Rather obviously, DNA encodes the information required to replicate cells and organisms. It indeed bears information that is in some respects analogous to instructions, blueprints, or a recipe required for building organisms, accomplished in part by specifying the synthesis of proteins. And, of course, it is the transmission of modifications of DNA that enables evolutionary change. In a sense the information stored within DNA reflects the history of those modifications.
Would you also deny the fact that one of the functions of information is to build proteins because humans also build.
As I have repeated above, these are serviceable, loose analogies with human activities (such as storing and utilizing information in blueprints, directions, and recipies; building things employing such stored information; replicating the information so stored, etc.). I use similar terms above. It does not, however, follow that all facets of these human activities of are necessarily reflected in the activity of DNA, nor that all of the characteristics of information transmission via DNA are captured by these imperfect analogies. That is all I have stated, and I don't see an argument to the contrary in your responses.
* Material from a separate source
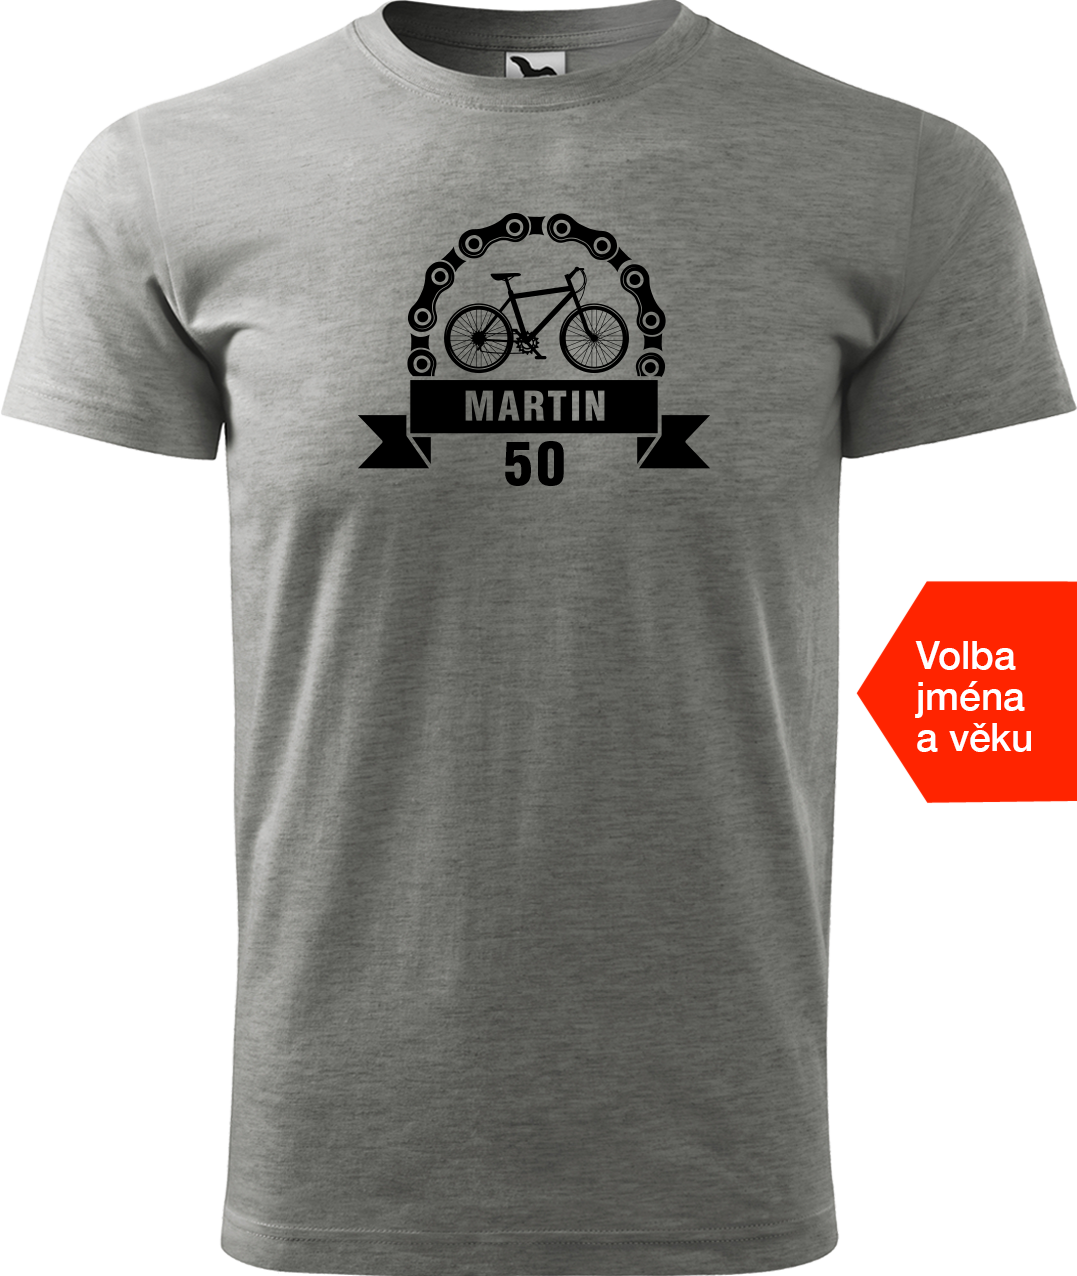 Pánské tričko pro cyklistu se jménem a věkem - Blahopřání Velikost: 2XL, Barva: Tmavě šedý melír (12)

I have already explained my rationale…
Where? I must have missed it. What post number? In what thread? I see that you continue to distinguish "things coming into being" from "changes in motion (position/momentum)" by stating that the "law of causality" applies to the first but not to the second at the quantum level (a distinction accomplished by means of an idiosyncratic definition of "event," such that changes in position are defined as "not events"). What I am requesting is your rationale for stating that some quantum events can be acausal while others cannot. Nor do you offer a rationale for declining to exclude the decay events cited by Zachriel from your "law of causality," events that entail no "comings into being." Nor do you describe a rationale for insisting that billiard ball collisions at the macro level are "events" and necessarily causal, while changes in position/momentum at the quantum level are not to be regarded as events, and therefore are excused from conformance to your law. So far as I can tell, you've never offered a rationale for any of this. You certainly haven't above.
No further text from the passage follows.